Quick: tell me all you know about FRBP 7041. Hint: it involves voluntary dismissals
Maybe you’re like me and never gave it much thought. My encounter with the rule ended up at the 9th Circuit, so I now know a lot more about how it impacts bankruptcy motion practice.
I concluded that the “Withdraw” event on ECF enabled a trap for the unwary counsel and court.
Here’s the rule
FRBP 7041 makes FRCP 41 applicable in adversary proceedings (except if the adversary is a denial of discharge.) The federal rule reads:
Rule 41. Dismissal of Actions
a) Voluntary Dismissal.
(A) Without a Court Order. Subject to Rules 23(e), 23.1(c), 23.2, and 66 and any applicable federal statute, the plaintiff may dismiss an action without a court order by filing:
(i) a notice of dismissal before the opposing party serves either an answer or a motion for summary judgment; or
(ii) a stipulation of dismissal signed by all parties who have appeared.
(B) Effect. Unless the notice or stipulation states otherwise, the dismissal is without prejudice. But if the plaintiff previously dismissed any federal- or state-court action based on or including the same claim, a notice of dismissal operates as an adjudication on the merits.
Moving to bankruptcy motion practice, FRBP 9014 makes R. 7041 applicable in contested matters.
The rule at work
So that brings us to the case that landed in my lap. The contested matter was a motion to avoid a judgment lien to the extent it impaired the allowable homestead exemption. Debtor’s original bankruptcy counsel filed the motion, then, for reason unknown, unilaterally withdrew it after the judgment creditor had responded.
Months go by, and when the judgment lien impeded the sale of the property, Debtor hired a different bankruptcy lawyer to renew the motion.
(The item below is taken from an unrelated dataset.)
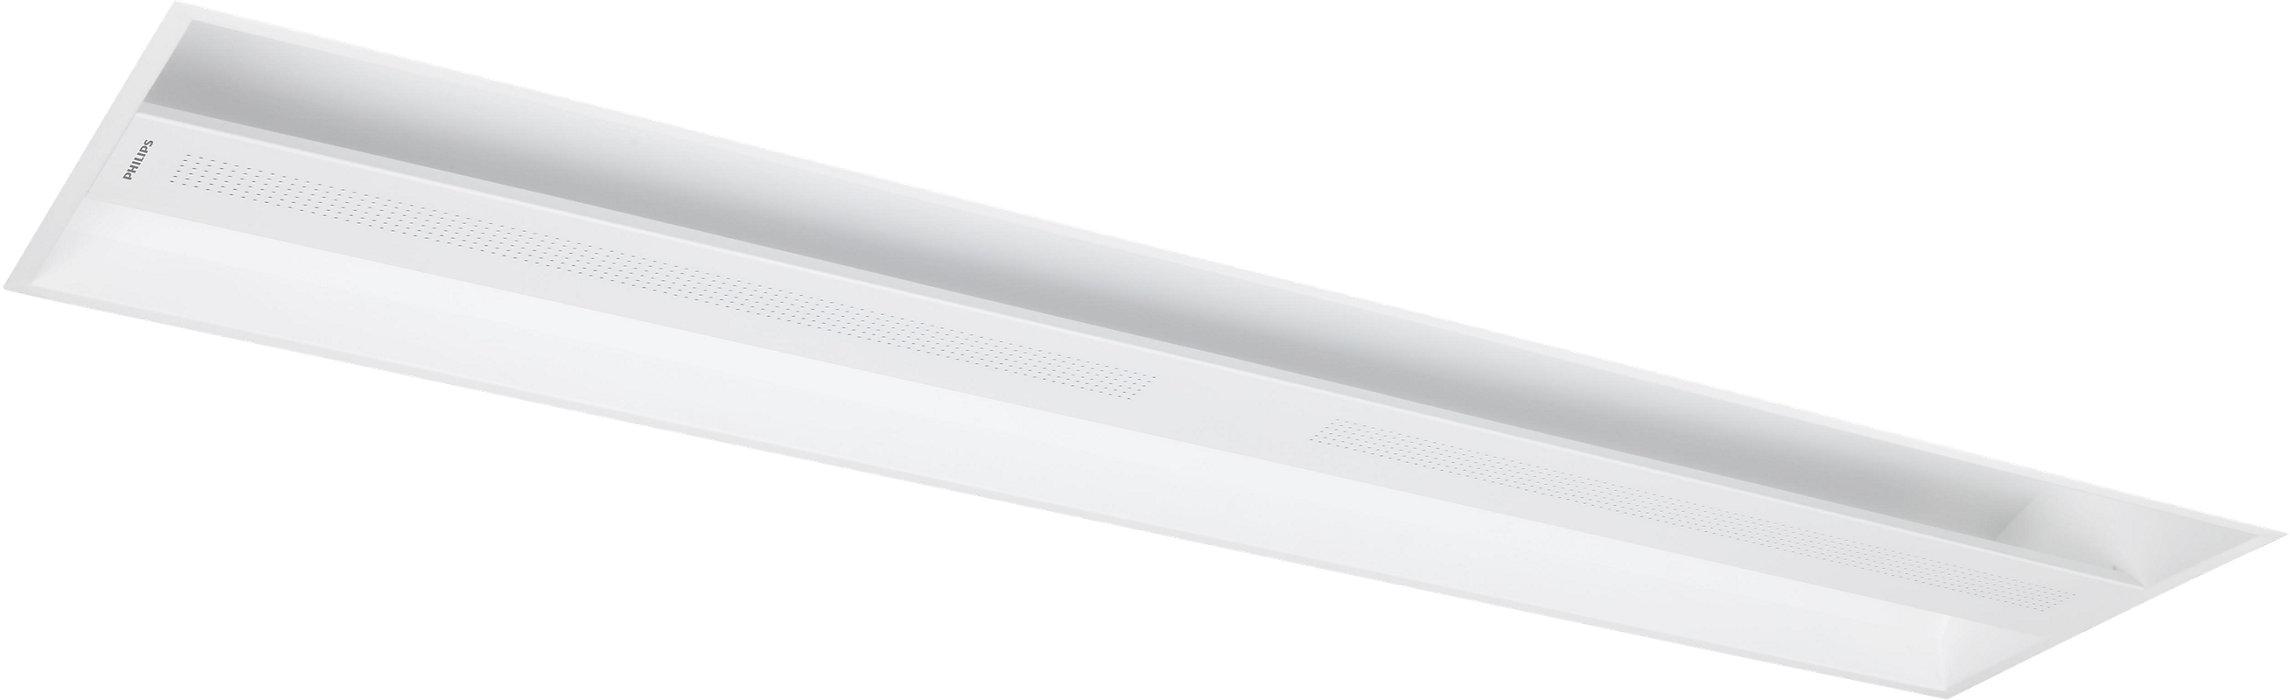 Soft and uniform light for visual comfort

Judgment creditor opposed the motion, discovery was propounded and the matter proceeded, until counsel advised the debtor he couldn’t win the motion and again, unilaterally withdrew the motion.
I was third in line to prosecute this motion. Again, judgment creditor responded to the third iteration of the motion. As we proceeded toward an evidentiary hearing on the validity of a lien senior to the judgment lien, creditor brought a motion to dismiss our motion on the grounds that R. 7041 provided that upon the second dismissal of the motion, Debtor was barred from refiling the motion.
Does withdrawal = dismissal
If prior counsel’s withdrawal of the motion was a dismissal, Debtor was toast, as I had clearly brought the motion a third time. But, through trial and two levels of appeal, each court analyzing the facts found that the first withdrawal did not constitute a dismissal within the meaning of the rule. Finding that the creditor’s opposition to the first motion was equivalent to an answer as used in the rule , withdrawing the motion after a response was not a “dismissal”. Thus my victory at trial stood, and Debtor avoided a quarter of a million dollar judgment.
The published BAP opinion is at Airport Bus. Ctr. v. Alfahel (In re Alfahel), 651 B.R. 381 (B.A.P. 9th Cir. 2023), affirmed in Airport Bus. Ctr. v. Alfahel (In re Alfahel), No. 23-60026 (9th Cir. May 20, 2024).
The takeaway
The glib takeaway of course is “read the rules”, first. The more nuanced view reminds us that many of the tools from Part VII of the bankruptcy rules on adversaries apply to motion practice.
But what stood out to me was how prior counsel got sucked in to thinking because ECF provided a no fuss, voluntary dismissal that disposed of a troublesome case by just withdrawing the motion. But a withdrawal bypassed the due process owed to the opposing party once they responded and the matter was at issue.